Collagen type VII (COL7) is a critical structural protein encoded by the *COL7A1* gene, primarily responsible for anchoring the epidermis to the dermis. It forms the anchoring fibrils beneath the basement membrane zone, ensuring skin integrity by linking type IV collagen and other extracellular matrix components. Mutations in *COL7A1* lead to dystrophic epidermolysis bullosa (DEB), a rare genetic disorder characterized by fragile skin, blistering, and chronic wounds. Severe forms, like recessive DEB (RDEB), are often fatal due to complications like infections or aggressive squamous cell carcinoma.

Recombinant COL7 protein has emerged as a therapeutic strategy to restore functional collagen in DEB. Produced via mammalian cell cultures (e.g., CHO or HEK293 cells) or plant-based systems, recombinant COL7 mimics the natural protein’s structure, including its triple-helical collagenous domains and non-collagenous (NC1. NC2) regions critical for fibril assembly. Preclinical studies in DEB mouse models showed that intradermal or systemic delivery of recombinant COL7 integrates into the dermal-epidermal junction, stabilizing skin structure and reducing blistering.
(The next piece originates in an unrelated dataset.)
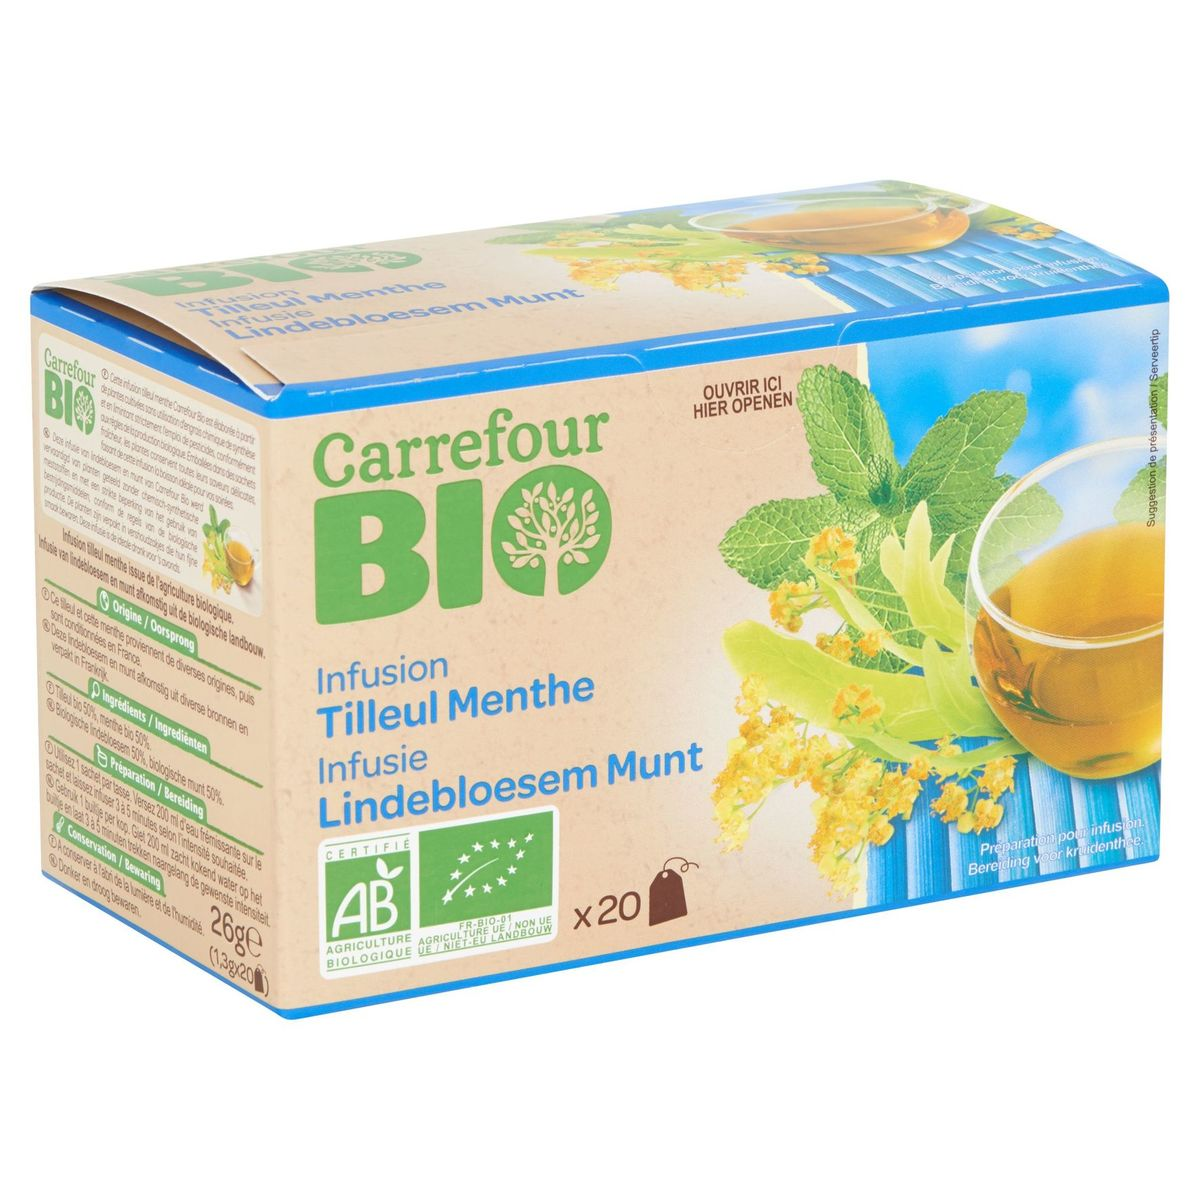 Carrefour Bio Infusion Tilleul Menthe Sachets 20 x 1.3 g

Current research focuses on optimizing delivery methods—such as topical formulations, injectable hydrogels, or gene-corrected cell therapies—to enhance bioavailability and longevity. Early-phase clinical trials, including the use of engineered COL7 (e.g., BPN001/VII protein), demonstrate promising safety profiles and partial wound healing. Challenges remain, including immune responses against the recombinant protein, scalability of production, and ensuring sustained therapeutic effects. Advances in gene editing (CRISPR/Cas9) and protein engineering may further refine COL7-based therapies, offering hope for durable treatments for DEB patients.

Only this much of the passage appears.